Correlation Between AIM Industrial and CENTRAL RETAIL
Can any of the company-specific risk be diversified away by investing in both AIM Industrial and CENTRAL RETAIL at the same time? Although using a correlation coefficient on its own may not help to predict future stock returns, this module helps to understand the diversifiable risk of combining AIM Industrial and CENTRAL RETAIL into the same portfolio, which is an essential part of the fundamental portfolio management process.
By analyzing existing cross correlation between AIM Industrial Growth and CENTRAL RETAIL P, you can compare the effects of market volatilities on AIM Industrial and CENTRAL RETAIL and check how they will diversify away market risk if combined in the same portfolio for a given time horizon. You can also utilize pair trading strategies of matching a long position in AIM Industrial with a short position of CENTRAL RETAIL. Check out your portfolio center. Please also check ongoing floating volatility patterns of AIM Industrial and CENTRAL RETAIL.
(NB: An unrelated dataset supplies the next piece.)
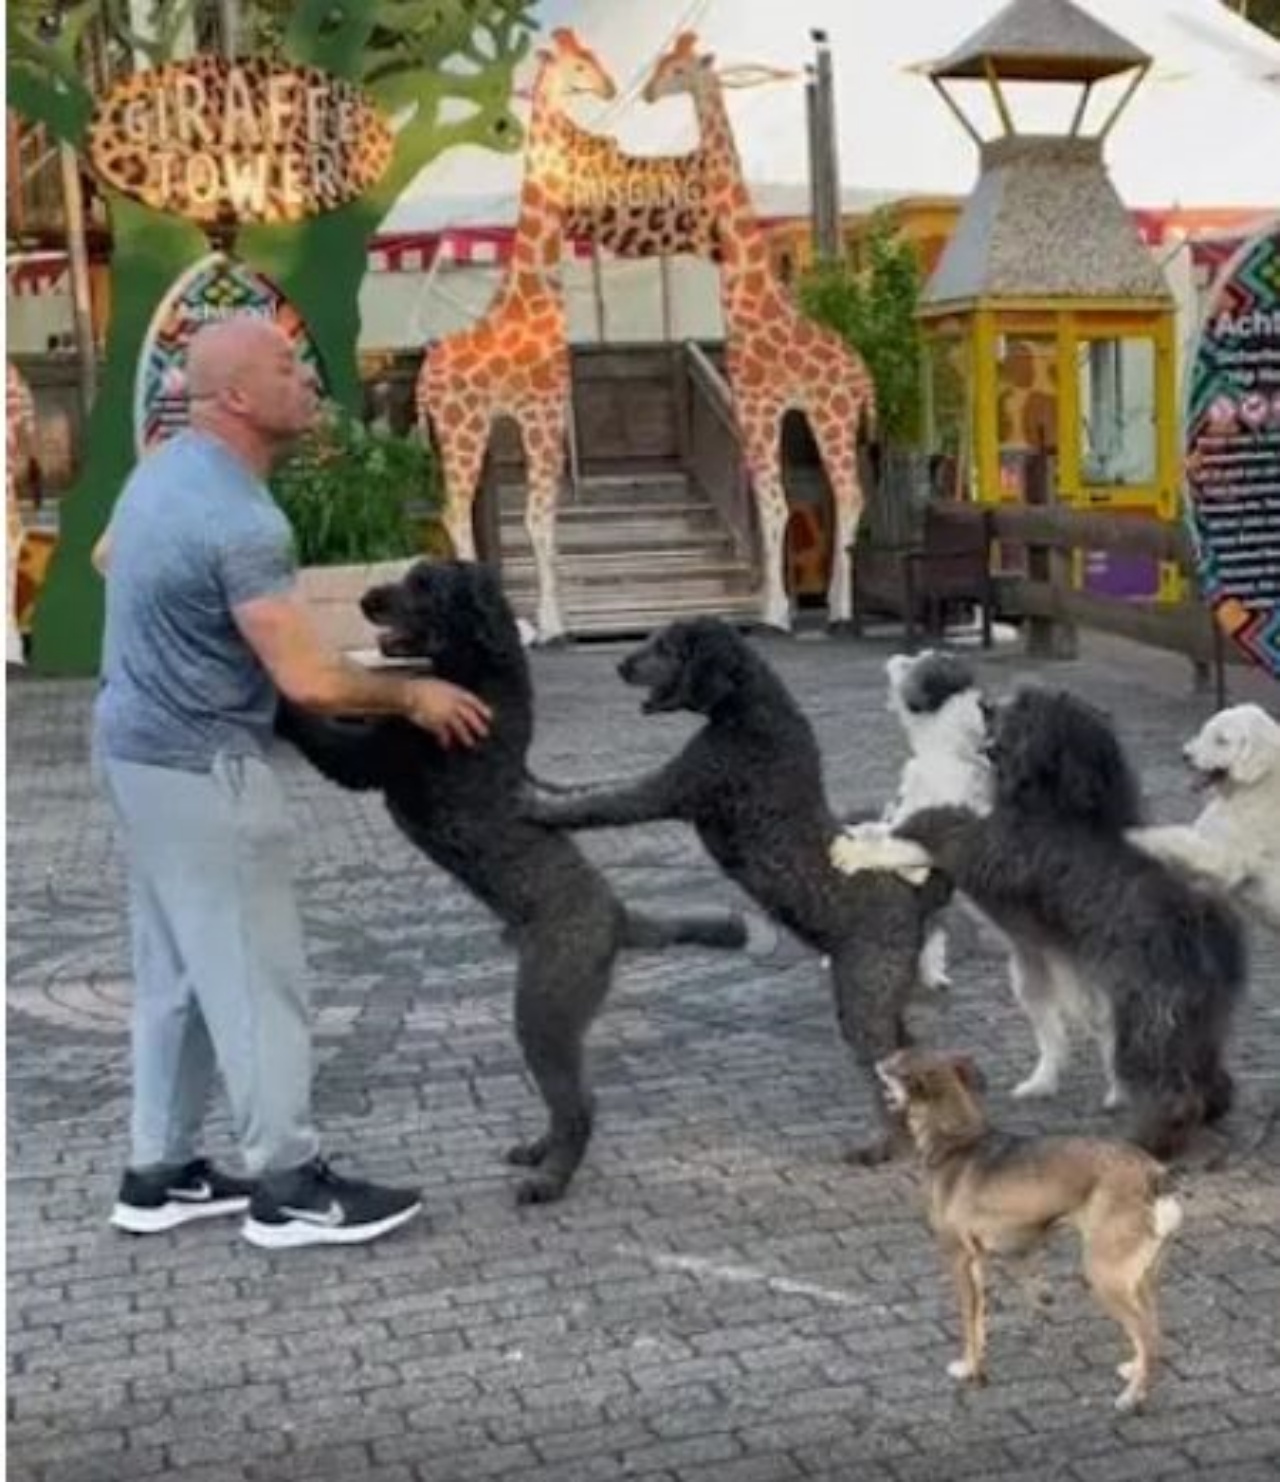 Un uomo addestra dei cani

Diversification Opportunities for AIM Industrial and CENTRAL RETAIL
-0.16 | Correlation Coefficient |
Good diversification
The 3 months correlation between AIM and CENTRAL is -0.16. Overlapping area represents the amount of risk that can be diversified away by holding AIM Industrial Growth and CENTRAL RETAIL P in the same portfolio, assuming nothing else is changed. The correlation between historical prices or returns on CENTRAL RETAIL P and AIM Industrial is a relative statistical measure of the degree to which these equity instruments tend to move together. The correlation coefficient measures the extent to which returns on AIM Industrial Growth are associated (or correlated) with CENTRAL RETAIL. Values of the correlation coefficient range from -1 to +1, where. The correlation of zero (0) is possible when the price movement of CENTRAL RETAIL P has no effect on the direction of AIM Industrial i.e., AIM Industrial and CENTRAL RETAIL go up and down completely randomly.
Pair Corralation between AIM Industrial and CENTRAL RETAIL
Assuming the 90 days trading horizon AIM Industrial Growth is expected to generate 0.16 times more return on investment than CENTRAL RETAIL. However, AIM Industrial Growth is 6.2 times less risky than CENTRAL RETAIL. It trades about 0.03 of its potential returns per unit of risk. CENTRAL RETAIL P is currently generating about -0.13 per unit of risk. If you would invest 1,039 in AIM Industrial Growth on December 30, 2024 and sell it today you would earn a total of 11.00 from holding AIM Industrial Growth or generate 1.06% return on investment over 90 days.
Time Period | 3 Months [change] |
Direction | Moves Against |
Strength | Insignificant |
Accuracy | 100.0% |
Values | Daily Returns |
AIM Industrial Growth vs. CENTRAL RETAIL P
Performance |
Timeline |
AIM Industrial Growth |
CENTRAL RETAIL P |
AIM Industrial and CENTRAL RETAIL Volatility Contrast
Predicted Return Density |
Returns |
Pair Trading with AIM Industrial and CENTRAL RETAIL
The main advantage of trading using opposite AIM Industrial and CENTRAL RETAIL positions is that it hedges away some unsystematic risk. Because of two separate transactions, even if AIM Industrial position performs unexpectedly, CENTRAL RETAIL can make up some of the losses. Pair trading also minimizes risk from directional movements in the market. For example, if an entire industry or sector drops because of unexpected headlines, the short position in CENTRAL RETAIL will offset losses from the drop in CENTRAL RETAIL's long position.AIM Industrial vs. Amata Summit Growth | AIM Industrial vs. WHA Premium Growth | AIM Industrial vs. Digital Telecommunications Infrastructure | AIM Industrial vs. Quality Houses Property |
CENTRAL RETAIL vs. PMC LABEL MATERIALS | CENTRAL RETAIL vs. Siamgas and Petrochemicals | CENTRAL RETAIL vs. Vintcom Technology PCL | CENTRAL RETAIL vs. Siam Technic Concrete |
Check out your portfolio center.Note that this page's information should be used as a complementary analysis to find the right mix of equity instruments to add to your existing portfolios or create a brand new portfolio. You can also try the Idea Analyzer module to analyze all characteristics, volatility and risk-adjusted return of Macroaxis ideas.